Non-detect microbial detection and enumeration data are not censored data

A recent paper (Bahk & Lee, 2021) addresses the issue of fitting a distribution describing variability of microbial concentrations in food to datasets that include data regarded as censored. This is a pertinent topic that has been and continues to be debated in quantitative microbiology and influenced by a roughly parallel debate in chemistry. Noting that widely used omission and substitution approaches to handling censored data are inappropriate (Helsel, 2006), Bahk & Lee applied previous modelling of microbiological data by authors such as Busschaert et al. (2010) to develop a method based on maximum likelihood for handling censored data. Critically, such approaches apply the right statistical answer to the wrong question because “non-detect microbial detection and enumeration data are fundamentally not censored data and should not be reported or analyzed as such” (Chik et al., 2018).
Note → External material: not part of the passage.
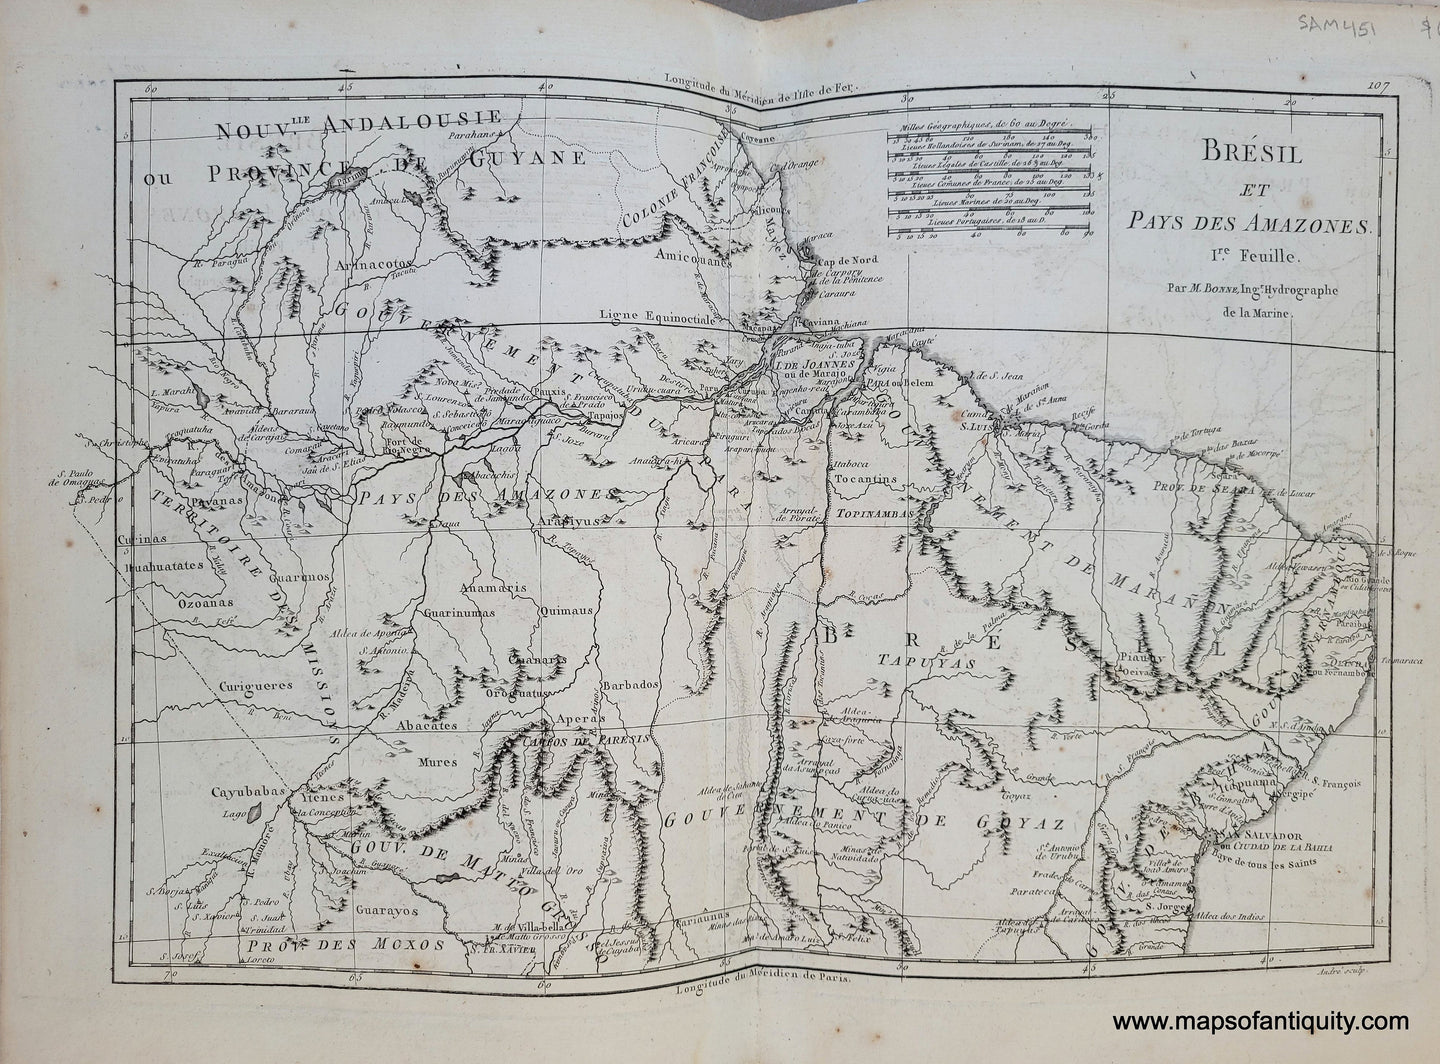 Genuine-Antique-Map-Brazil---Bresil-et-Pays-des-Amazones-1st-sheet-1788-Bonne-Desmarest-Maps-Of-Antiquity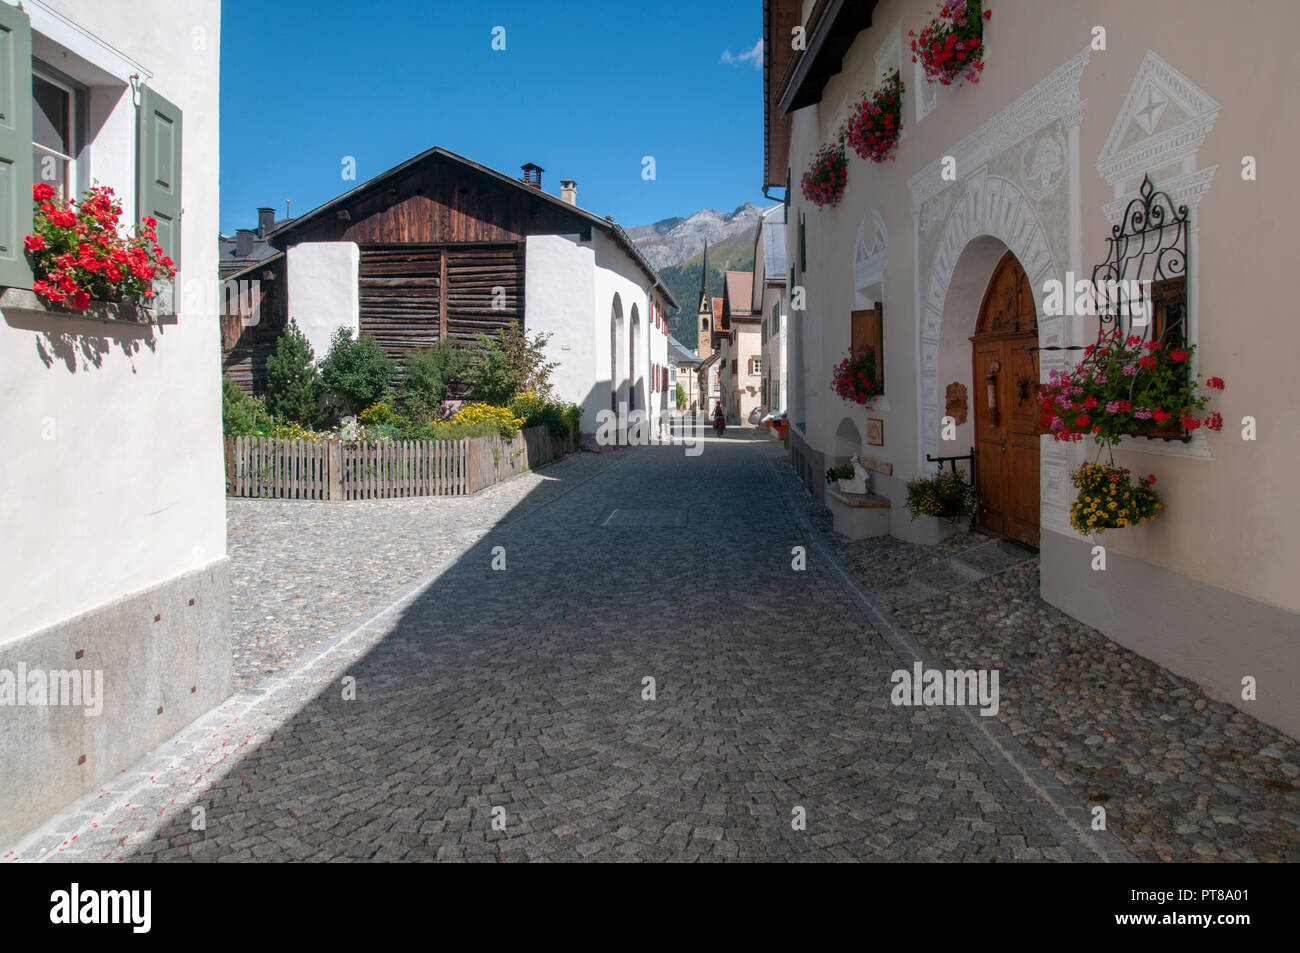 S-chanf è un comune della regione di Maloja nel cantone svizzero dei Grigioni. nella valle dell'Inn Foto Stock

Many microbial data are commonly perceived as censored because of long-standing practices of reporting non-detects as concentrations below some detection limit (e.g., <1 cfu/mL) rather than reporting raw data. While the practice may be acceptable for reporting, it can lead to misunderstanding when further interpretation is desired. This is because microorganism concentrations in various media are not measured directly, and the mathematical concept of censored data is misapplied when microbial non-detects that are observed counts of zero (or absence in presence–absence tests) are interpreted as exact measurements of concentration that have been censored. Most classical microbiology methods feature estimation of concentrations from observed count or presence–absence data and corresponding sample volumes (or masses) analyzed. This has been central to the inference of concentration from repeated presence–absence analyses using the most probable number method for over a century (e.g., McCrady, 1915).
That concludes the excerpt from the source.